Each line below is to be repeated exactly; any picture is to be left out.

* [Dataset extract]:
----------------------------------------
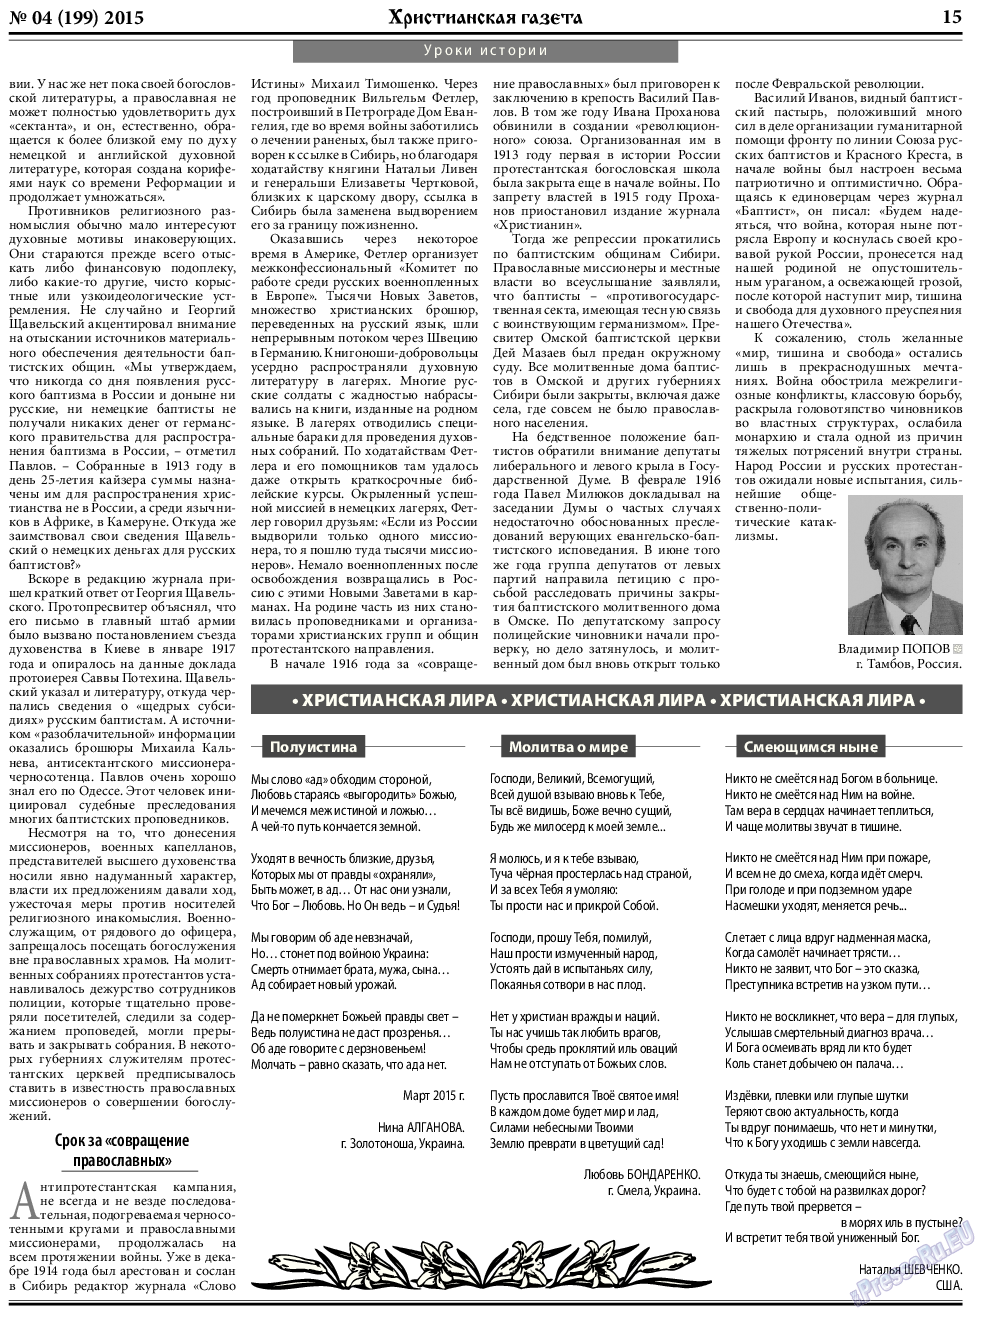 Христианская газета, газета. 2015 №4 стр.23
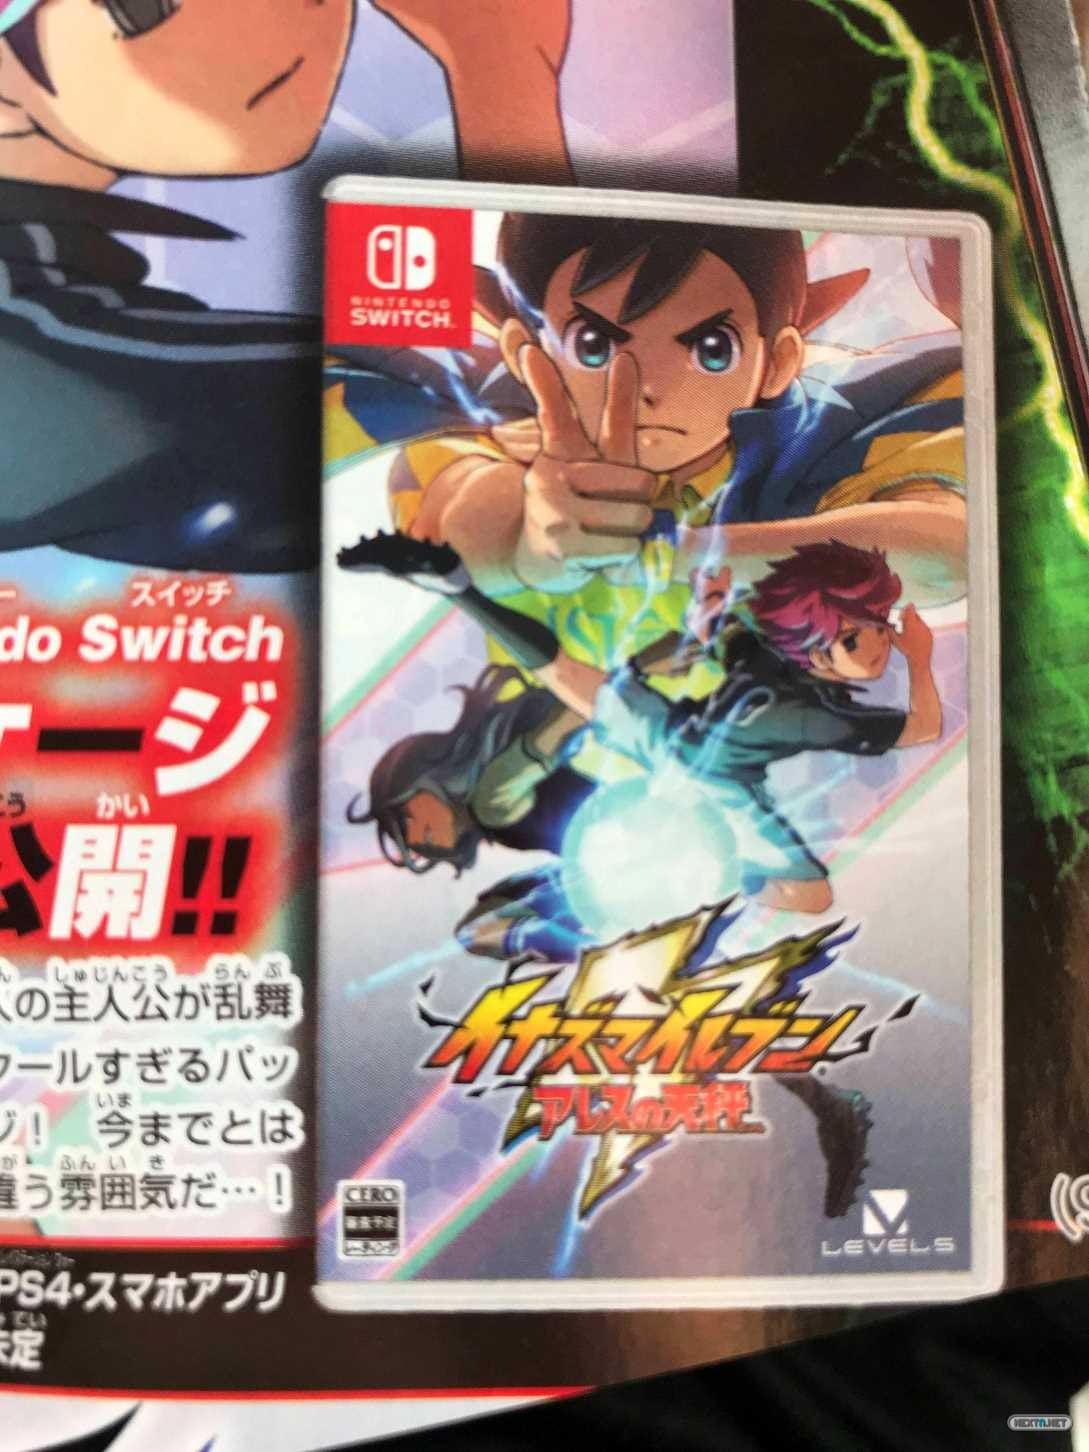 Ocupar Excavación Represalias Inazuma Eleven Ares revela su boxart japonesa para Nintendo Switch
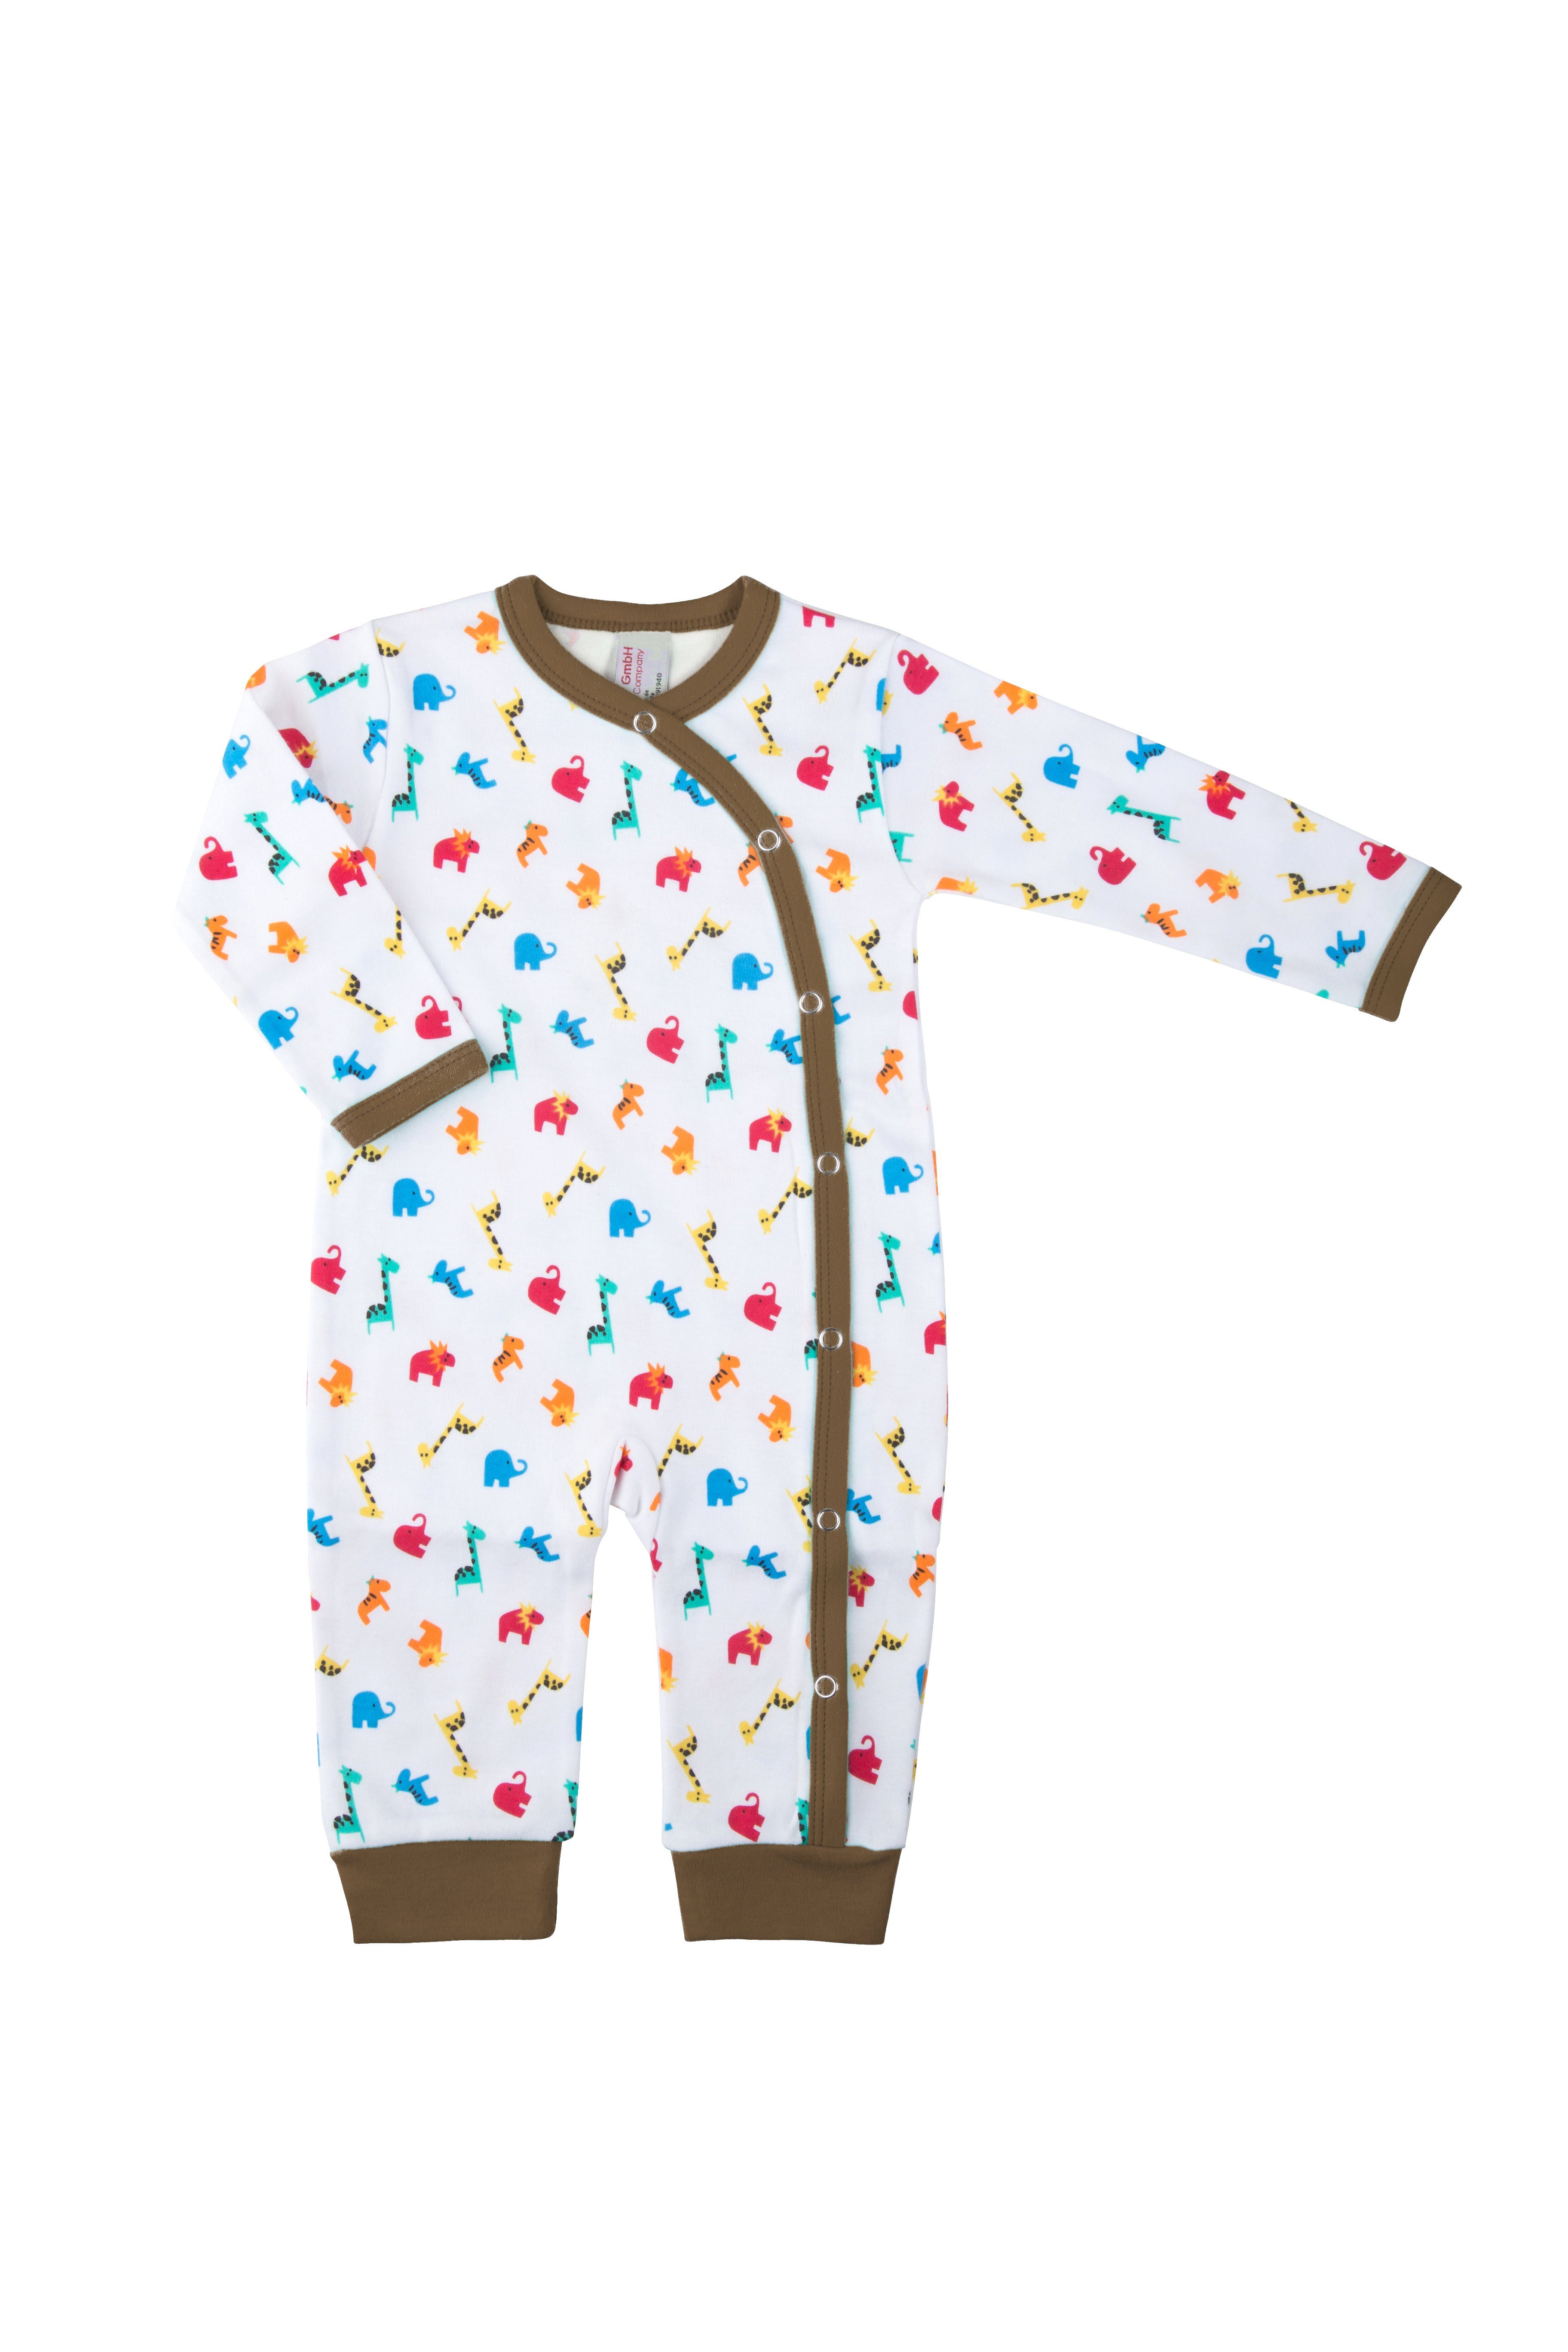 Clinotest Schlafoverall Baby Schlafanzug Braun Zootiere, Jersey, aus Druckknöpfe
----------------------------------------
* [Task response]:
 Христианская газета, газета. 2015 №4 стр.23
 Ocupar Excavación Represalias Inazuma Eleven Ares revela su boxart japonesa para Nintendo Switch
 Clinotest Schlafoverall Baby Schlafanzug Braun Zootiere, Jersey, aus Druckknöpfe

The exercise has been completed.